MARION — Leave the denim skirts and bluejeans, the “casual” sleeveless tops and hiking boots at home.
Those items are now identified as “non-acceptable dress” in the standards spelled out in the city of Marion’s proposed new dress code for those who work in a city office or spend the majority of their time interacting with the public.
Amanda Kaufman, assistant to the city manager, on Thursday said the city is not enacting a new dress code because employees are dressing badly.
“It’s not a reactive policy in any way,” Kaufman said. “We never really had anything in place before.”
“It’s important to have (a dress code) in a personnel policy because we want to project a polished and professional image in our interactions with the public,” she said.
Kaufman said the City Council this week had few questions about the proposed policy and agreed to move the measure on to a formal vote two weeks from now.
Kaufman said the city of Marion reviewed dress code policies from a number of cities around the country before settling on the details for its proposed policy.
She said the city’s department heads sought comments from employees about the policy as it was evolving toward a final version.

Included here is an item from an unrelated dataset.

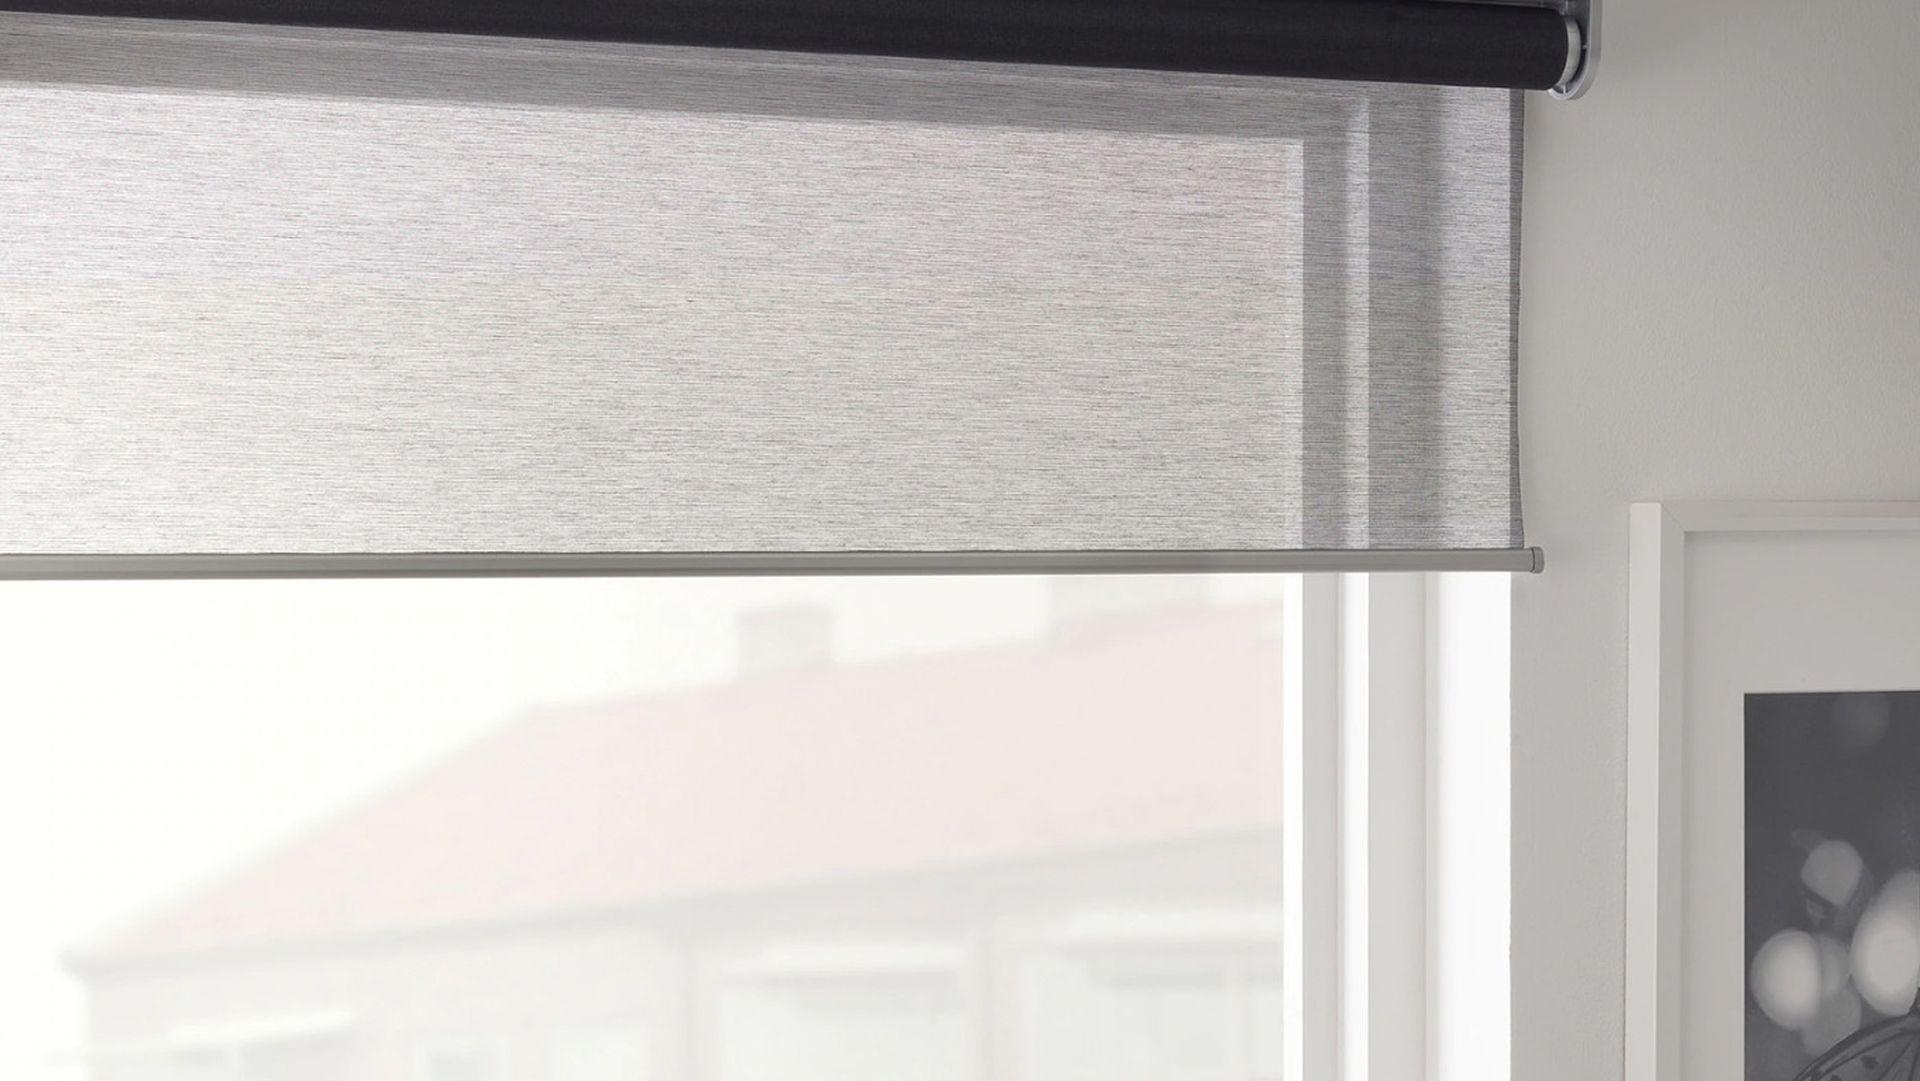 Ikea smart rolety mają dostać wsparcie dla HomeKit w 2020 roku

Employee input resulted in “professional blouses/dresses without sleeves” being included in appropriate “businesslike attire” and “casual sleeveless tops” landing on the “prohibited attire” list, she said.
The city of Cedar Rapids does not have a dress code, but leaves such matters up to individual department directors, said Conni Huber, the city of Cedar Rapids’ human resources director.
The proposed Marion policy states that city office workers and others who interact a great deal with the public are required to dress in “a businesslike manner during all working hours.”
“Clothing should be clean, wrinkle-free, without holes or tears and in otherwise good condition,” the policy states. “Clothing shall not be revealing in nature, nor shall it promote illicit activity or profanity.”
Other items prohibited for office-type employees are: sneakers; work boots; open-toed shoes such as sandals, flip flops and open-toed high heels; T-shirts; sweat shirts; athletic wear, including yoga pants; shorts and hats.
The policy loosens up a little for Fridays, allowing “dark-colored” denim at the discretion of the city manager.
The policy prohibits the consumption of alcoholic beverages and involvement in political activities when Marion city employees are wearing employee badges or official city of Marion apparel.